[PM to join, please! 8D]
You know a hare won't be enough, the voice whispered in Sadb's ear, lover-close, as she pulled the dead rabbit free of the thorny vines that had entangled it, the vines shifting and uncoiling like a living thing by her command. Sadb grit her teeth. The fae didn't have to remind her. It had been months since a person had visited her house of thorns, and she could feel the fae growing restless, dissatisfied with animal tributes and her own meager blood offerings. The thorns were growing thirsty.
"You said animal was enough."
I did, the fae answered, but I've grown bored.

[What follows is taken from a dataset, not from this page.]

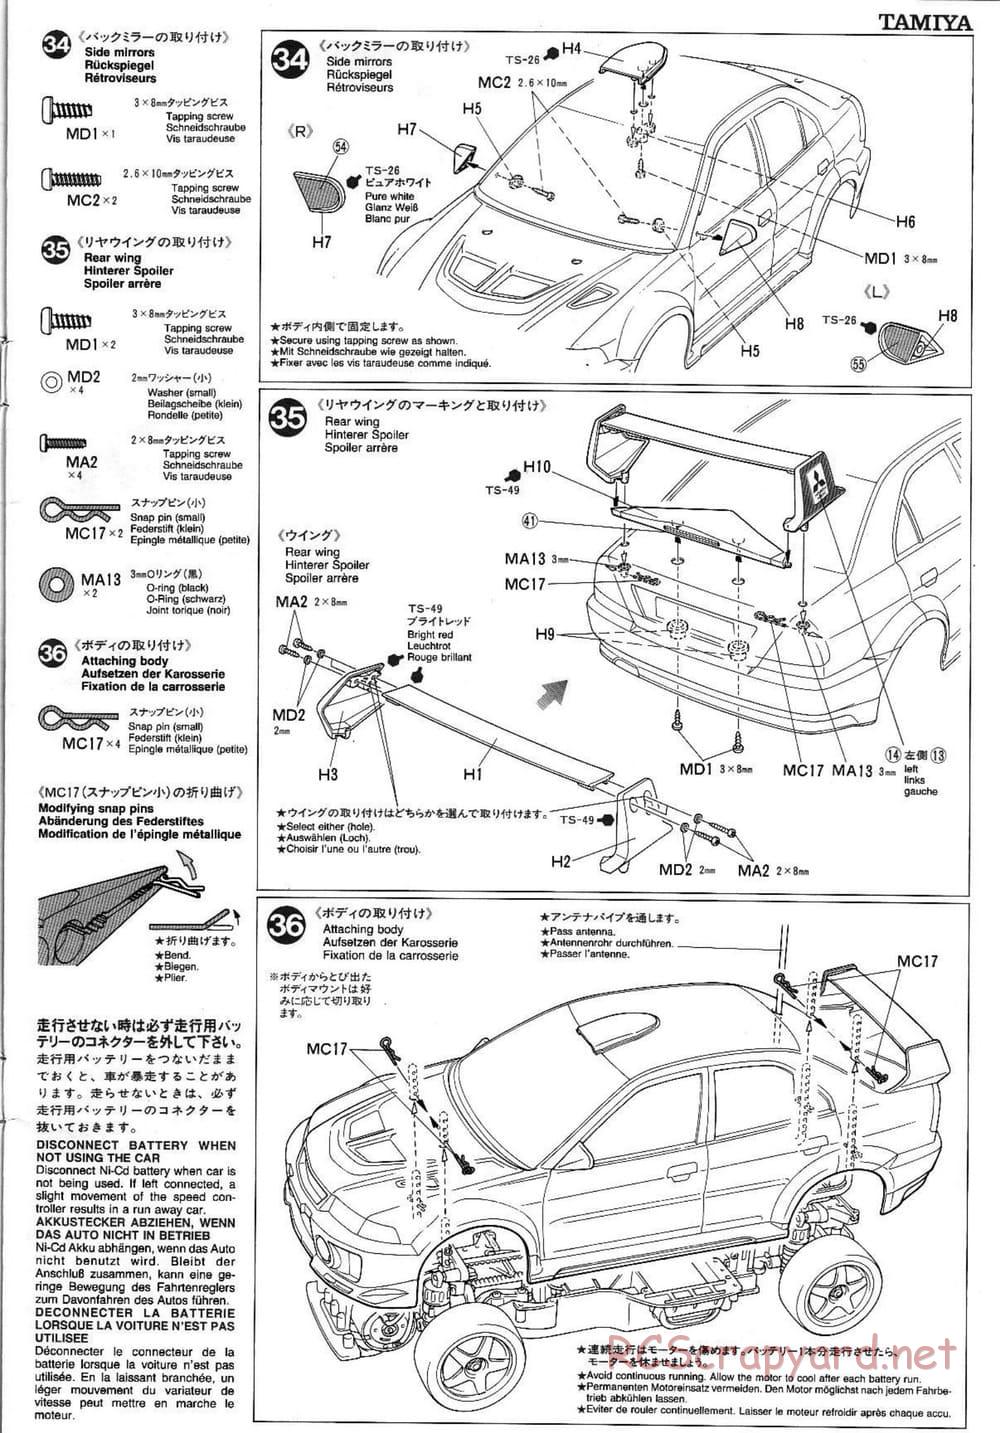 Tamiya - Mitsubishi Lancer Evolution V WRC - TA-03F Chassis - Manual - Page 19
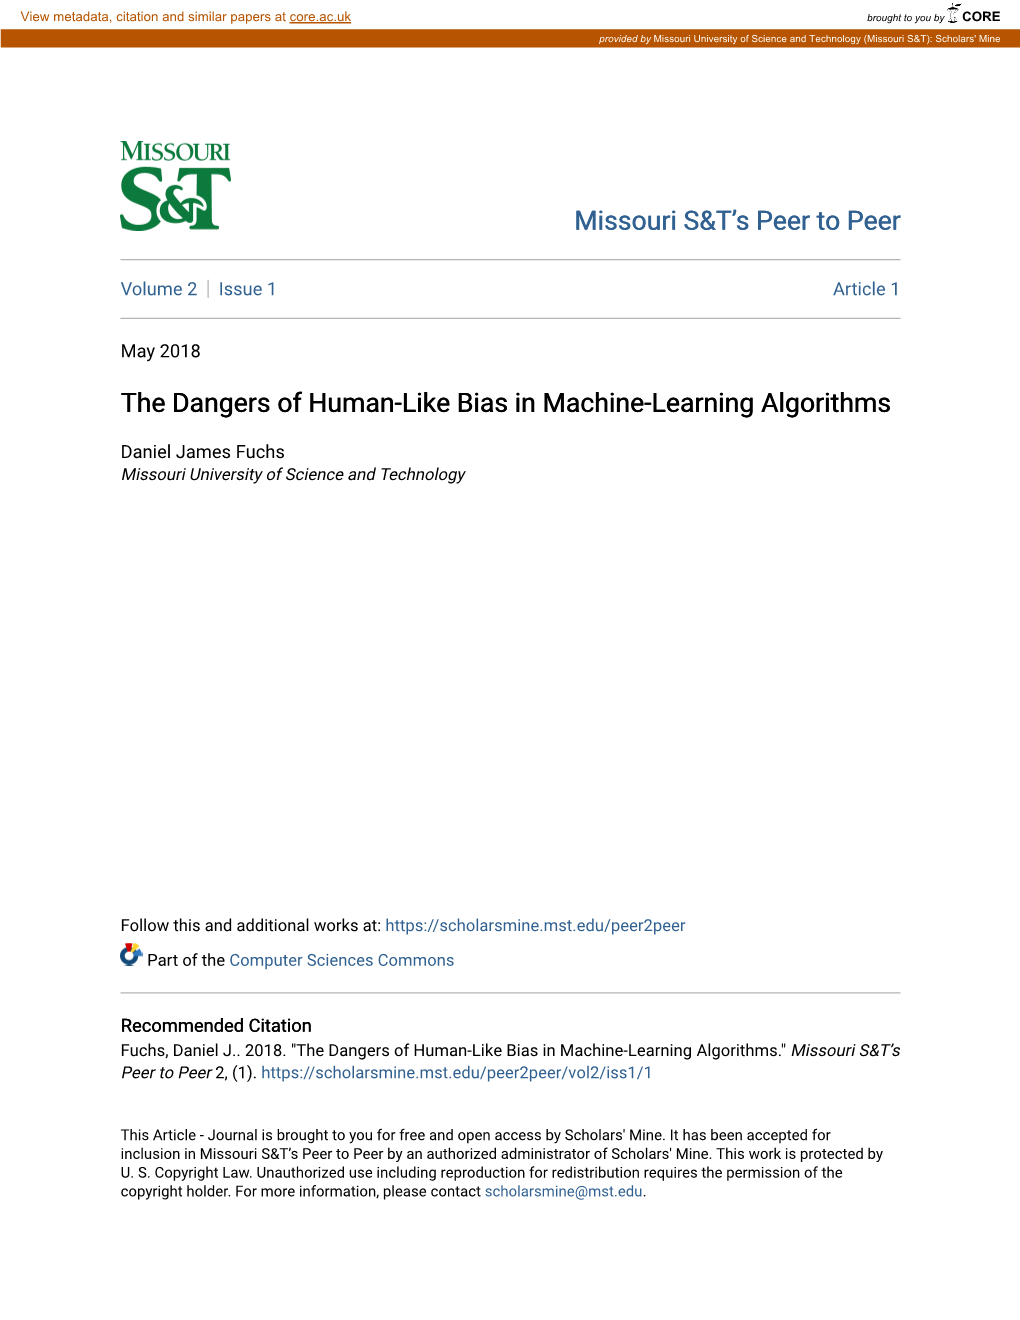 The Dangers of Human-Like Bias in Machine-Learning Algorithms

Sadb felt like throwing the rabbit, if there was anything to throw it at--and if it wouldn't damage the pelt. Instead, she just held it by the ears and headed, stiff-backed, outside, the vines parting as she walked to allow her passage as she traveled through the labyrinth of her creation. "Bored, hm?"
Yes. You're boring. You've been very boring lately. Sometimes, it was easy to forget the fae was ancient and dangerous when she took such a petulant tone. You haven't visited any villages in aaages! And no one's come to visit us! Animal just isn't the same. It's not as rich. If you don't snare a human soon, you may soon be snared instead.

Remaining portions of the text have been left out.